The Nigerian Senate has approved an amendment to the Finance Act of 2023, increasing the windfall levy on banks’ foreign exchange gains from 50% to 70%.

The bill was passed during a plenary session on Tuesday after a thorough review by the Finance Committee.

The Senate’s decision aims to address the significant profits banks have accrued due to recent foreign exchange policy shifts.

This windfall is viewed as a product of government intervention rather than the banks’ strategic efforts, prompting the call for redistribution.

The additional revenue from this levy is expected to contribute to financing the N6.2 trillion Appropriation Amendment Bill.

This funding will support various government projects and initiatives, ensuring that the windfall benefits are reinvested into the economy.

The Senate also approved amendments to the payment timeline, setting the levy to take effect from the start of the new foreign exchange regime through 2025, avoiding retrospective application from January 2024.

Also, the Upper Chamber removed the proposed jail term for principal officers of defaulting banks.

Instead, banks that fail to remit the levy will incur a penalty of 10% per annum on the withheld amount, alongside interest at the prevailing Central Bank of Nigeria (CBN) Minimum Rediscount Rate.

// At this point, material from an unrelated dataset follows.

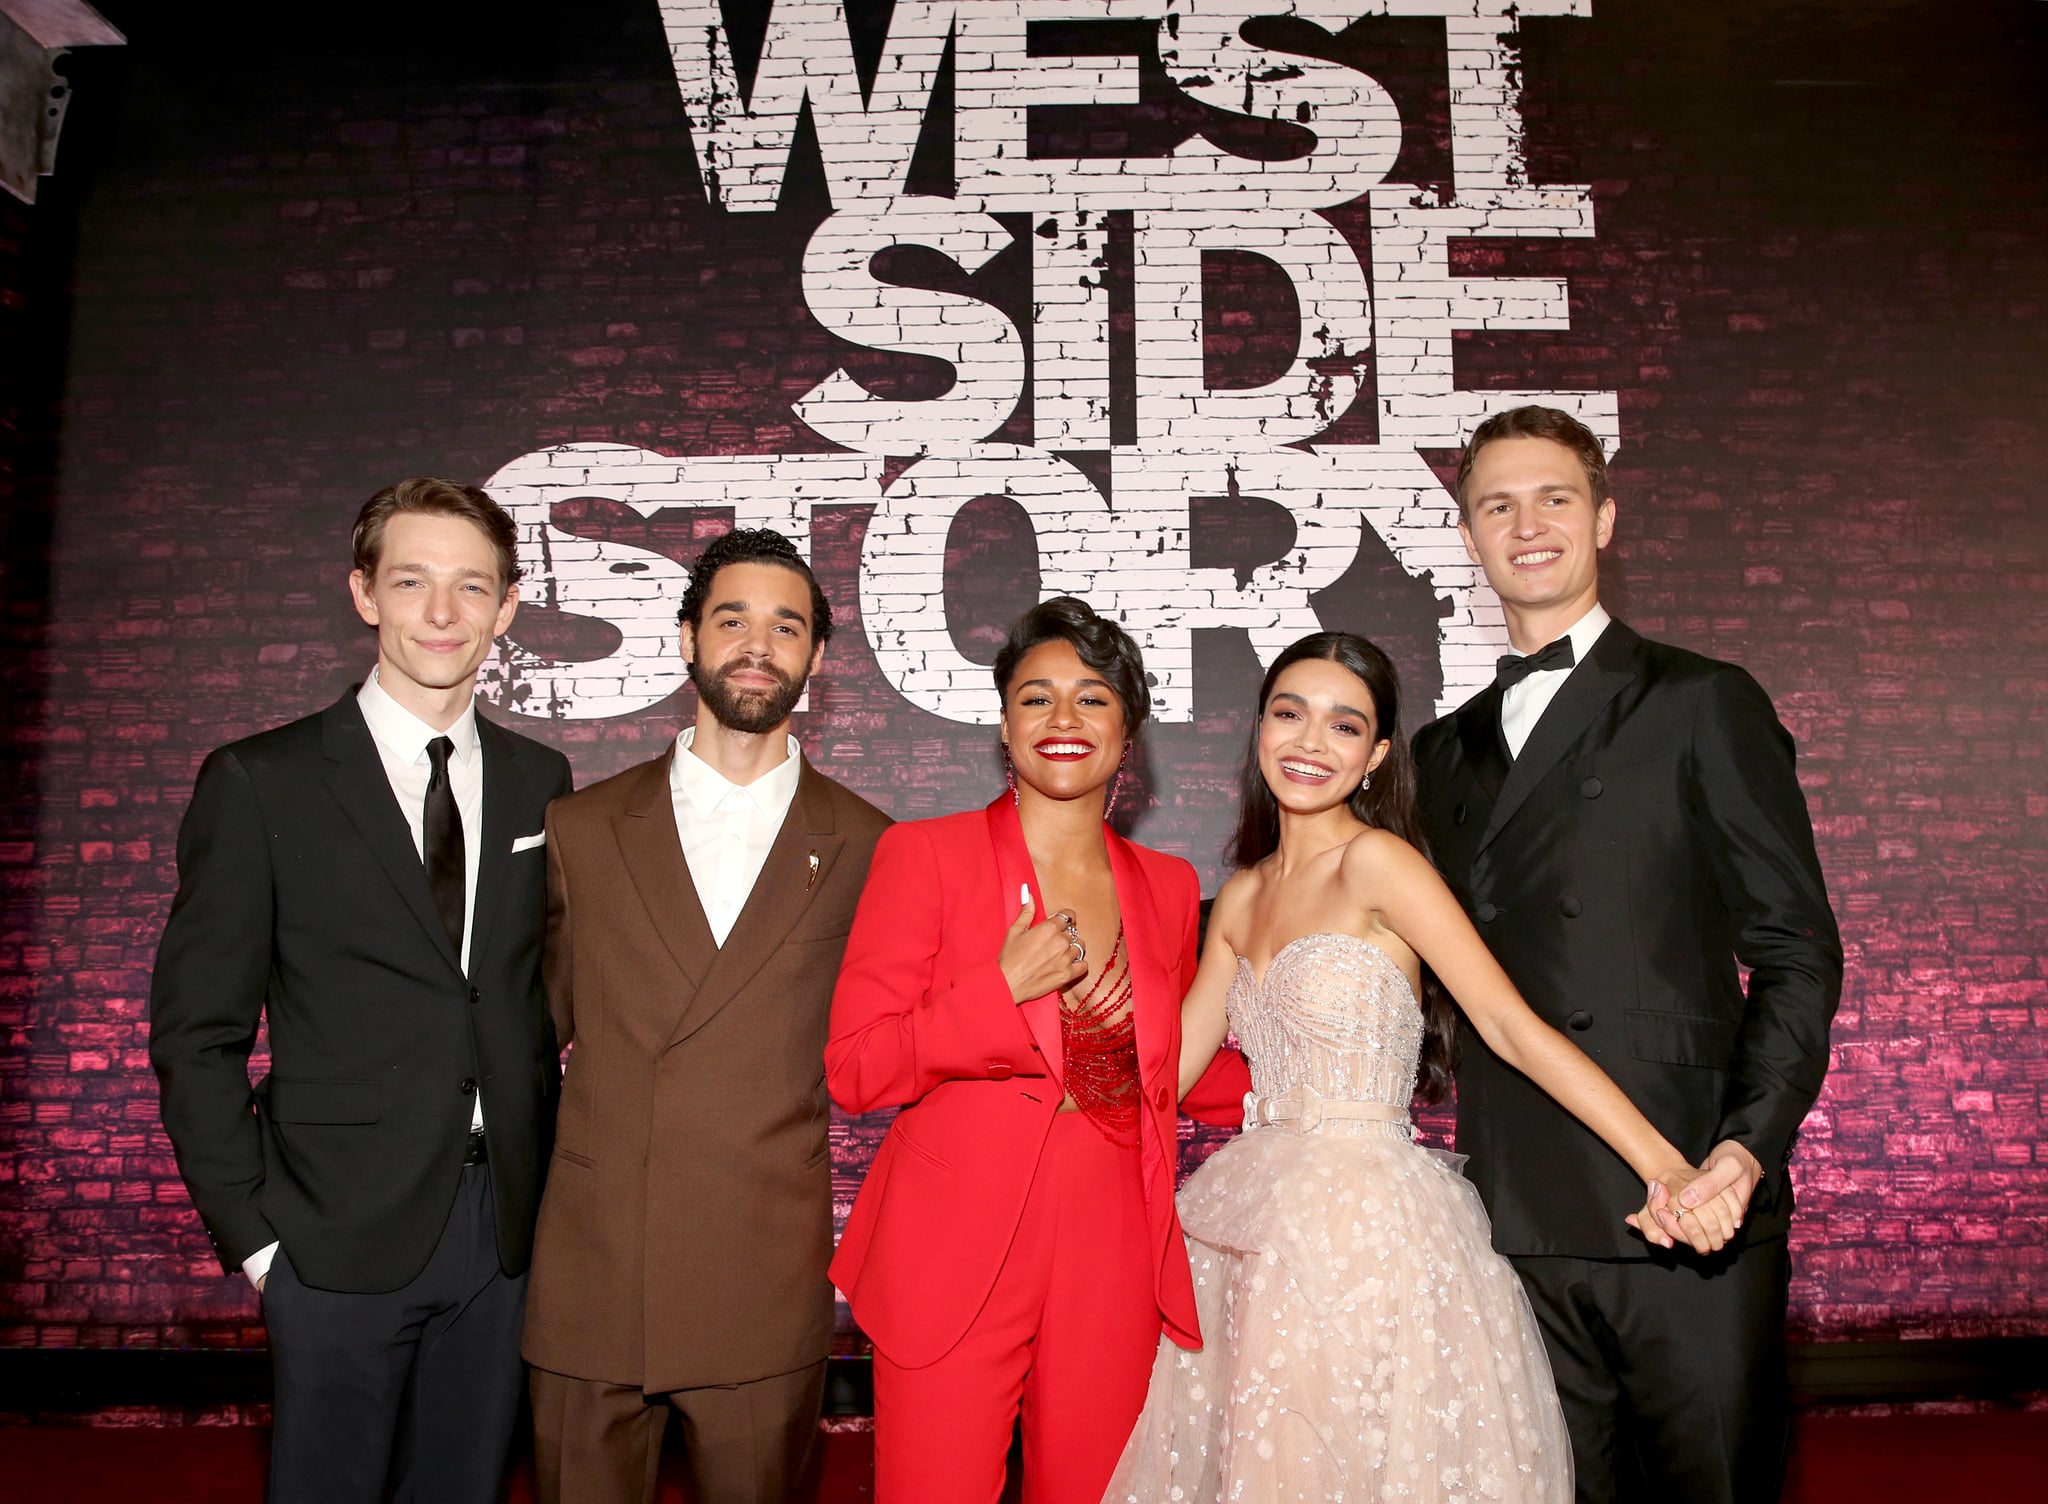 LOS ANGELES, CALIFORNIA - DECEMBER 07: (L-R) Mike Faist, David Alvarez, Ariana DeBose, Rachel Zegler and Ansel Elgort attend the Los Angeles premiere of West Side Story, held at the El Capitan Theatre in Hollywood, California on December 07, 2021. (Photo by Jesse Grant/Getty Images for 20th Century Studios)

This legislative move aligns with President Tinubu’s broader fiscal strategy, which aims to optimize national revenue through independent sources.

The amendment underscores the Senate’s commitment to leveraging bank profits for national development, especially amid economic challenges.

While some industry stakeholders express concerns about the impact on banking operations, others see this as a necessary step towards equitable wealth distribution and economic stability.

The bill’s passage is anticipated to have significant implications for both the financial sector and the broader economy.